Elasticsearch HA and geocluster

Hello,
how setup HA Elasticsearch cluster in geocluster environment? We have 2 datacenter location and for each of datacenter we have 1 hardware virtualization server.

I know that best setup is use odd number of Elasticsearch nodes, so should we use two ES nodes for DC 1 a one for DC 2 or is there some better approach?

We don't really support having cluster split across different regions.

The best thing to do is to have 2 different clusters, one in each node.
I'd recommend in each region at least 2 data nodes + one master only node.

To synchronize data between zones, you can:

  • Send your data in both clusters
  • Send your data to a message queue system like Kafka and use a Logstash instance in each zone to read the queue and index documents locally
  • Use the Cross Cluster Replication feature (available with a platinum license or a trial). See https://www.elastic.co/subscriptions
1 Like

Thank you @dadoonet for your tips.
I'm a little bit suprised that Elastic does not have support out-of-the-box. Is it on roadmap?

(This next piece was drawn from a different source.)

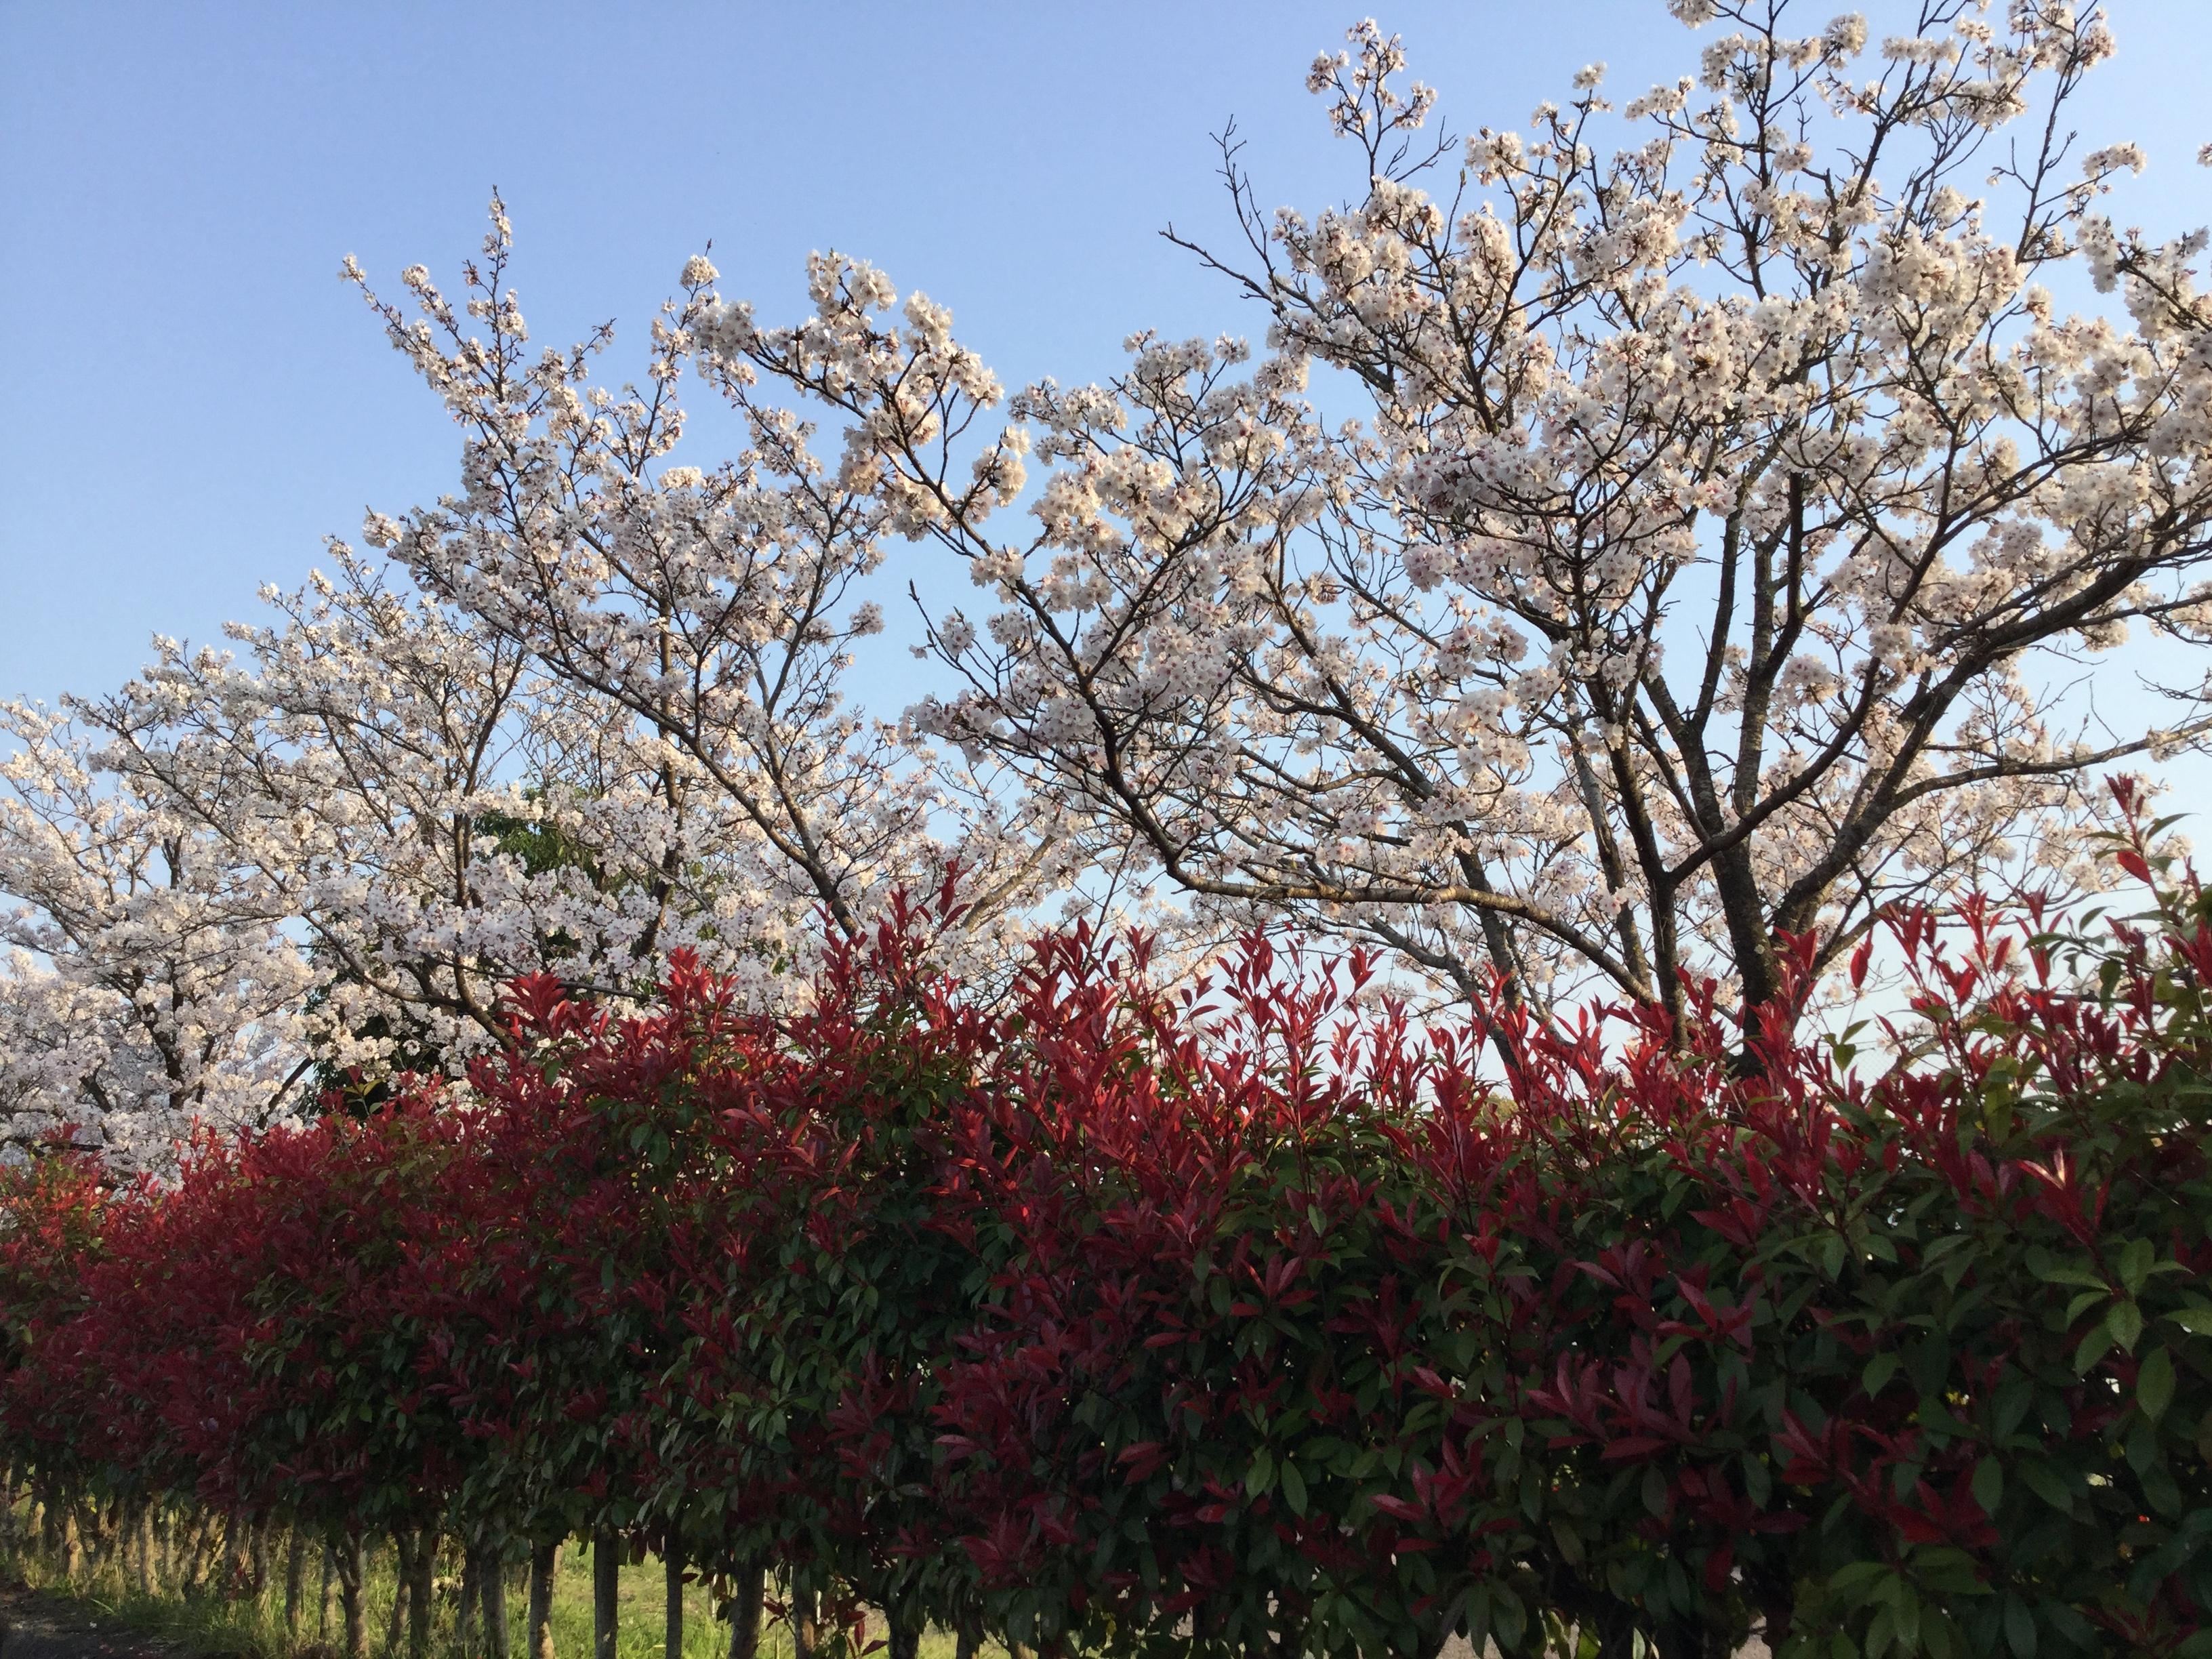 http://shikoku.misawa.co.jp/area_kouchi/SAKURA.JPG

Not really, at least not within a single cluster. Each cluster relies on the node-to-node network connections being (a) reliable, (b) low-latency and (c) high-bandwidth, and none of these are really true of connections between different regions. Multi-region deployments are supported out-of-the-box using federation: cross-cluster search and/or cross-cluster replication.

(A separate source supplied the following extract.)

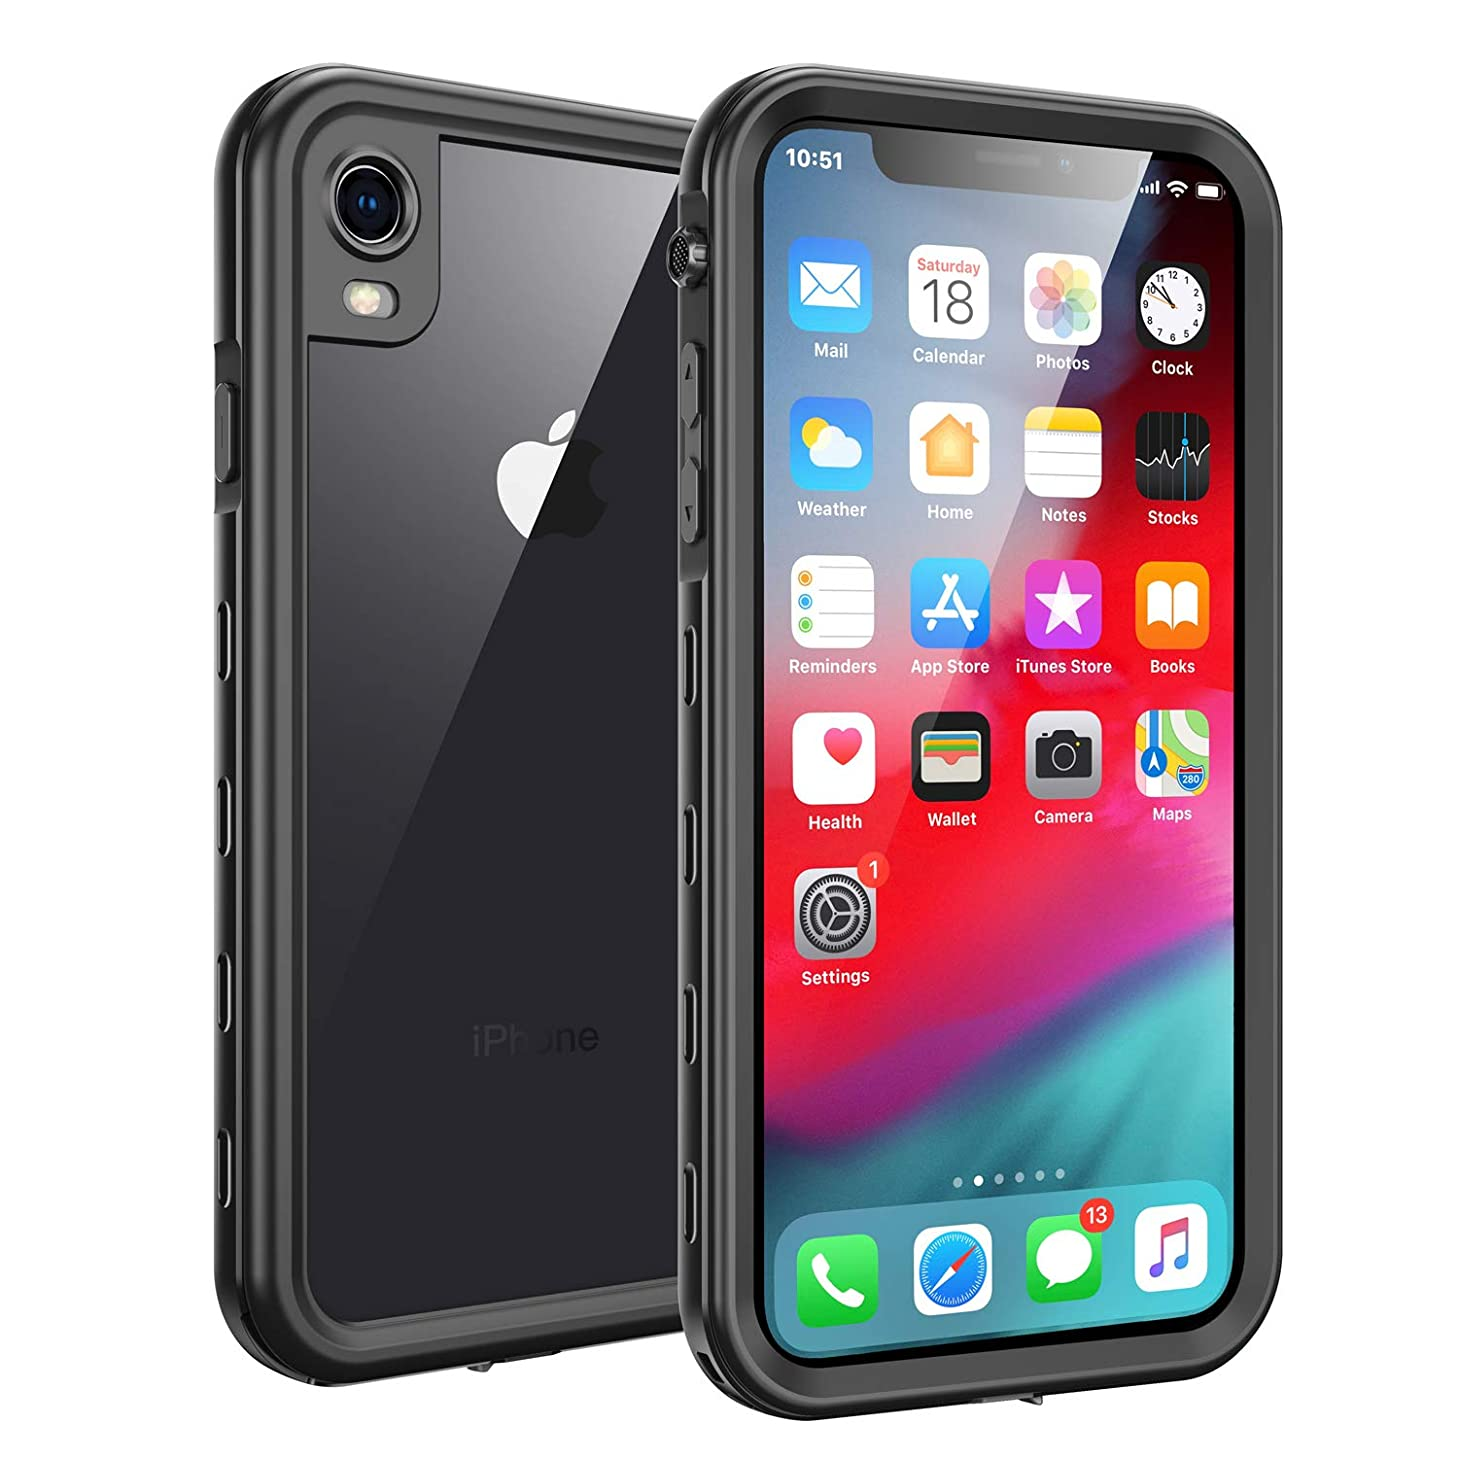 iPhone XR Waterproof Case, Fansteck IP68 Waterproof/Snowproof/Shockproof/Dirtproof, Full-Body Protective Case with Built-in Screen Protector (6.1-inch) (Black)

I mean technically you can split a cluster across geographically separated regions, and it'll do the right thing even if the connection is unreliable and/or slow, but it won't necessarily perform very well.

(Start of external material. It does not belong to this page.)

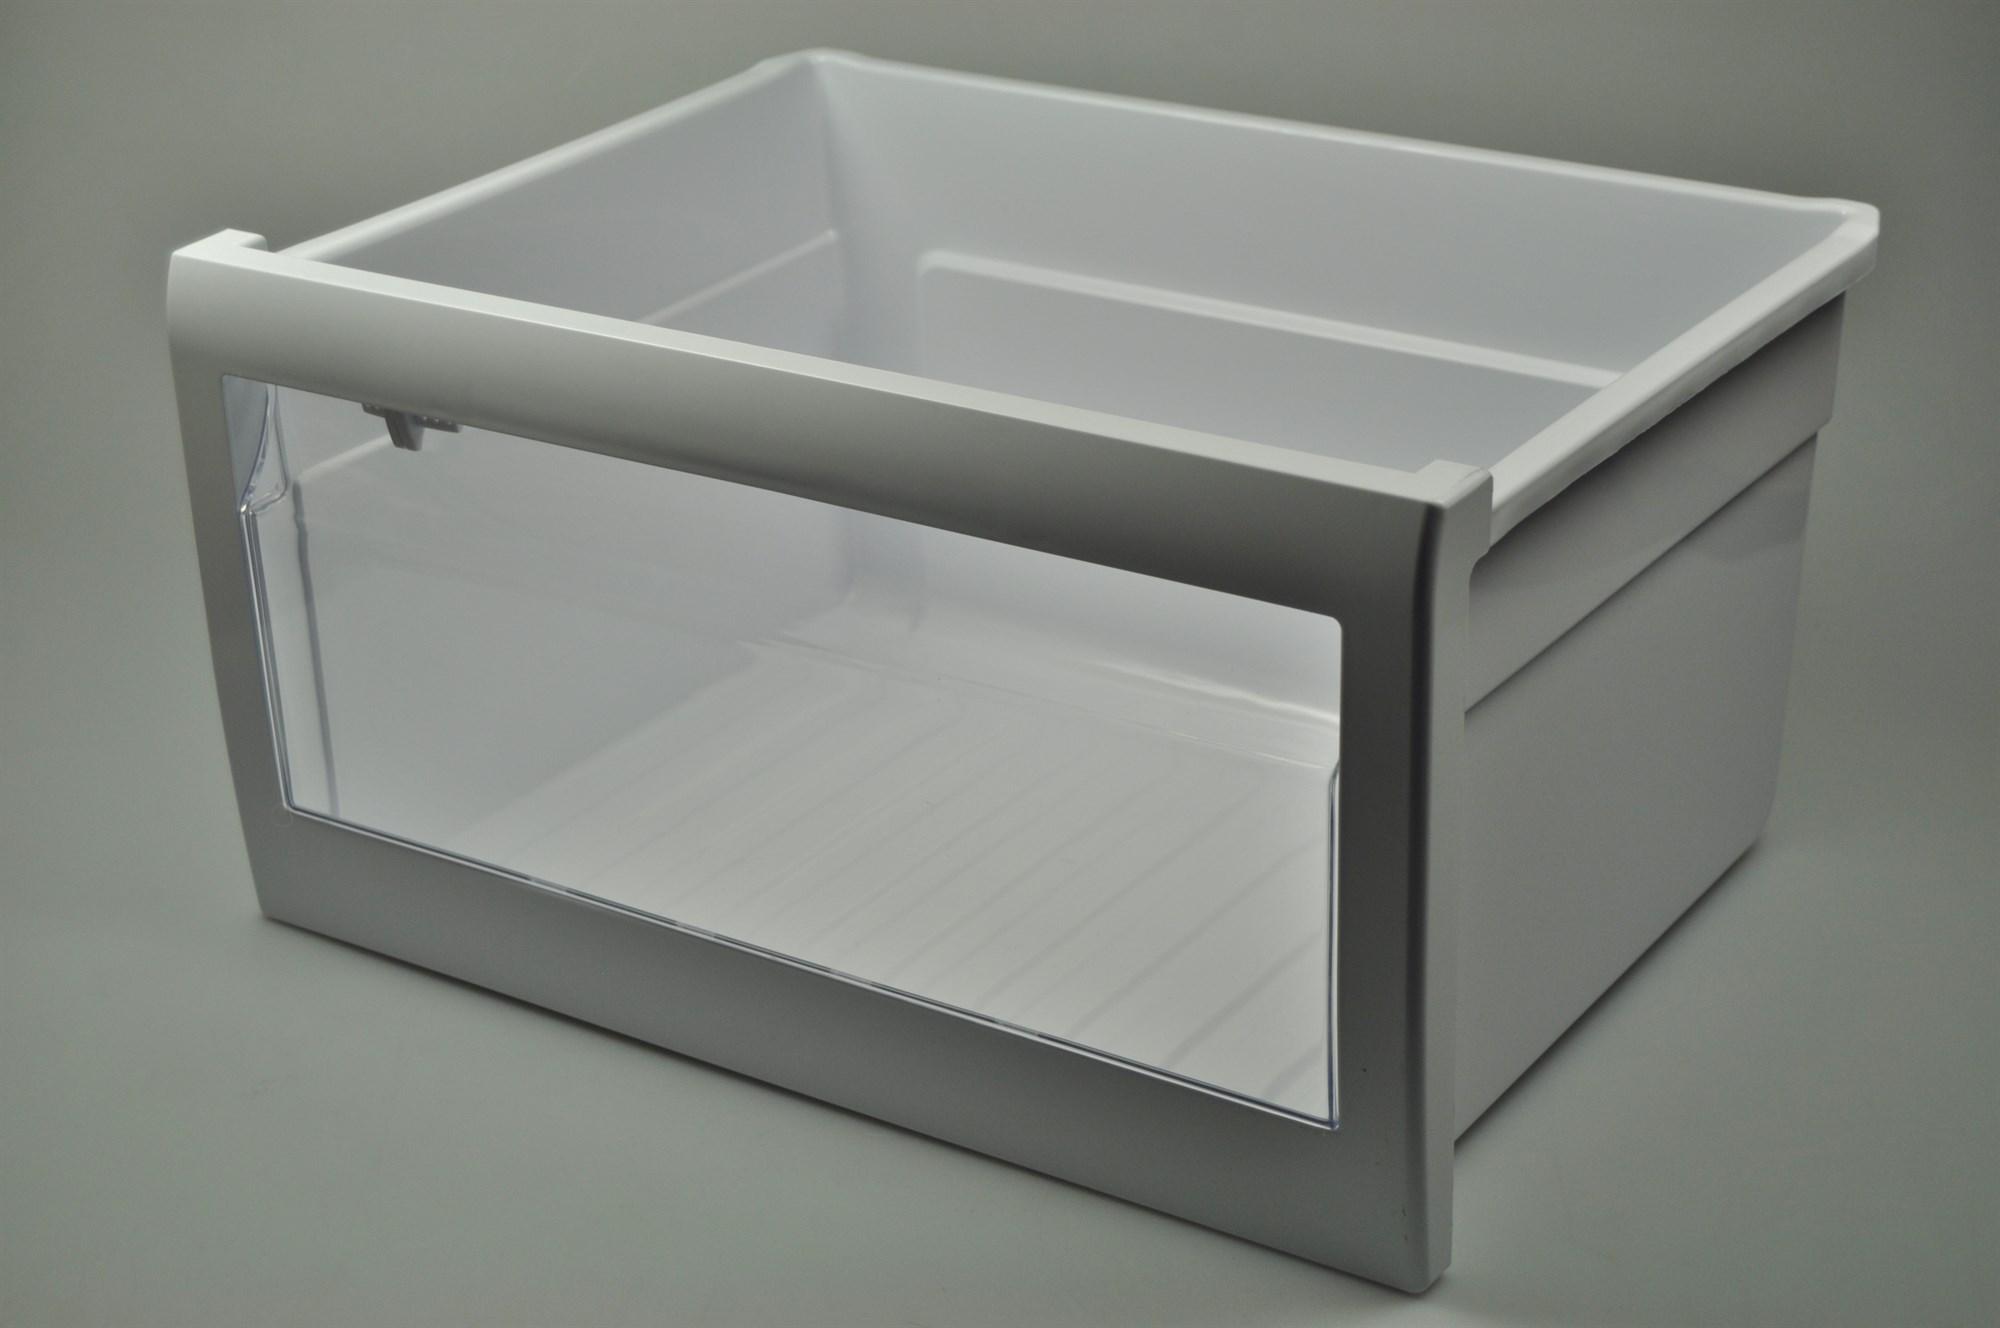 bac l gumes samsung r frig rateur cong lateur style am ricain. Black Bedroom Furniture Sets. Home Design Ideas

If you only have two failure domains (e.g. regions) then it is not possible to achieve high availability. At least, you cannot build a system that can tolerate the loss of either domain. This isn't a limitation of Elasticsearch, it's a fundamental property of distributed systems: with two domains one or other of them will always be critical to the health of your cluster. The recommended approach is to have at least three failure domains. Fortunately with Elasticsearch you only need a single, small, dedicated master node in the third domain and you can leave all the heavy machinery in the other two.

2 Likes

This topic was automatically closed 28 days after the last reply. New replies are no longer allowed.